Economists recognize the crucial role they play in improving Spain’s economic struggle. The largest worker cooperative in the world, Mondragon Corporation based in the Basque region of Spain, best exemplifies this claim. Once known as one of the poorest regions in Spain, the Basque region is now the richest, prospering due to a strong sense of self-determination, grassroots participation and non-governmental intervention.

In the 1940s, the young priest Don Jose Maria Arizmendiarrieta made it a goal to reduce the poverty rate at the time. The repressive policies of Franco’s regime were leading to economic restraints causing more Spaniards to emigrate from the country. Arizmendiarrieta wanted to counteract this by creating humanistic cooperative businesses that looked out for workers’ needs. Arizmendiarrieta and others created a technical school. He then established a cooperative bank, the Caja Laboral, leading to the first industrial cooperative in 1956.

Today, Mondragon is one of the most successful Spanish firms with global sales of $15 billion, employing close to 75,000 individuals in a total of 260 cooperatives. The people of Basque no longer experience the poverty they once did, “In Mondragon, I saw no poverty, I saw no signs of extreme wealth, I saw people looking out for each other,” said Sociology Professor Barbara J. Peters. “It is a caring form of capitalism.”

The Mondragon cooperatives are based on 10 principles: democratic organization, open admission, subordinate and instrumental nature of capital, value and importance of labor, participation in management decisions, fair payment, social transformation, cooperation, education and the university.

Workers in Mondragon have full control over their firm. Once a year members of each cooperative meet in a general assembly and elect who they want in charge; this board of directors is chosen to lead the cooperative in making important decisions and deciding the company’s strategy.

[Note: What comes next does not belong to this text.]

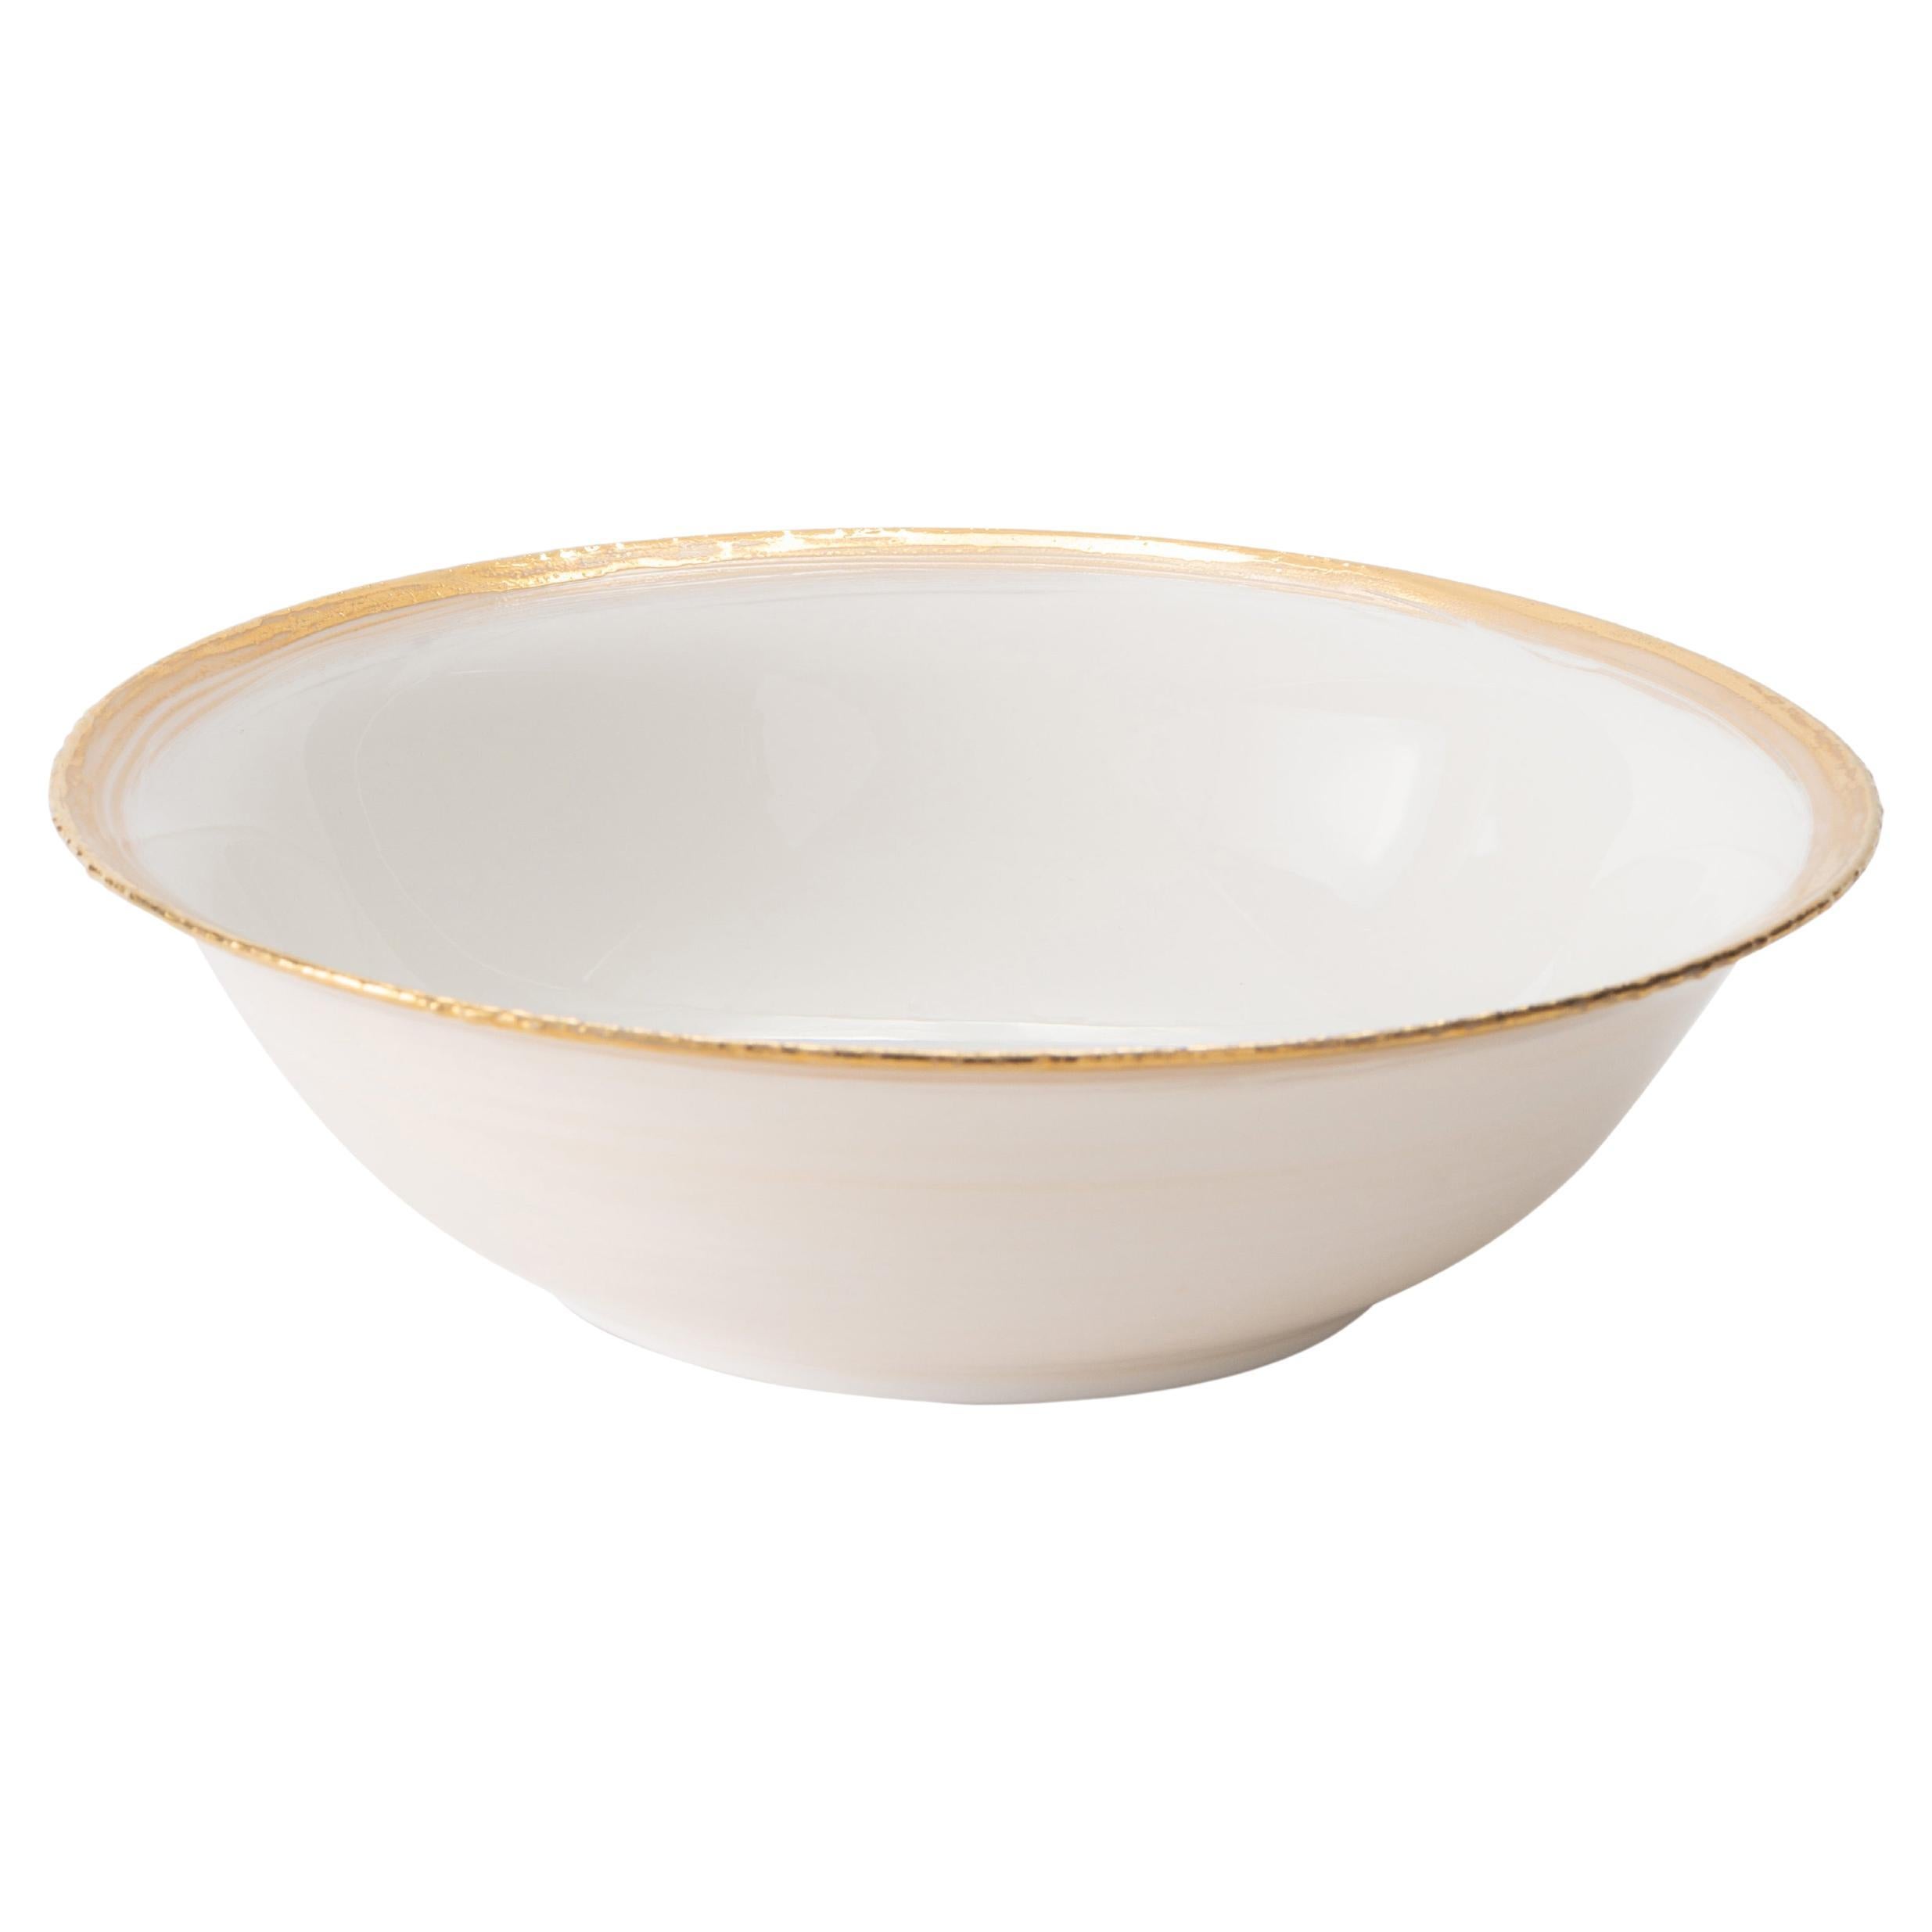 Porcelain Salad Bowl White Enamel Golden Edge Hand Painted Made in Italy For Sale

Moreover, the cooperatives are not accountable to shareholder’s needs; outsiders cannot buy any control, which allows management to invest solely on their cooperative with the long-term interest of the community in mind. Instead, the workers of Mondragon receive a share of the annual profits or losses based on a formula that tries to reflect the relative productive contribution of each worker.

Using this formula, most of the profits are reinvested, in turn creating new cooperatives and jobs as well as spurring the long-continued growth of Mondragon. Funds are also put aside for social welfare, providing care for retirement, widowhood and disability. Additionally, top CEOs at Mondragon are not earning exceptionally more than starting employees, somewhere between three to nine times more, which is significantly lower than most corporations.

Due to Mondragon’s investment methods, they barely felt the loss of the 2008 recession, which deepened Spain’s economic struggle. Not a single employee was fired, remaining steady at around 84,000 worldwide, one-sixth of them Spaniards. Instead of firing workers, their employees’ average salaries dropped by around 5%, and those who were left without work found jobs at another co-op; all the co-ops back each other up, making sure they prioritize their profits, investing in the co-ops which are economically declining.

Since 1990, Mondragon has expanded its businesses to international markets. Today, they have 125 different businesses in different countries; however, these businesses are not all cooperatives. In 2006, Mondragon began working with Mexico, Brazil and Poland to educate trade unions on how to properly run a co-op.

The 2008 economic recession set the project back. Nevertheless, in 2009 Mondragon partnered with the United Steel Workers (USW) to lay the groundwork for the formation of Mondragon Union Cooperatives in the U.S.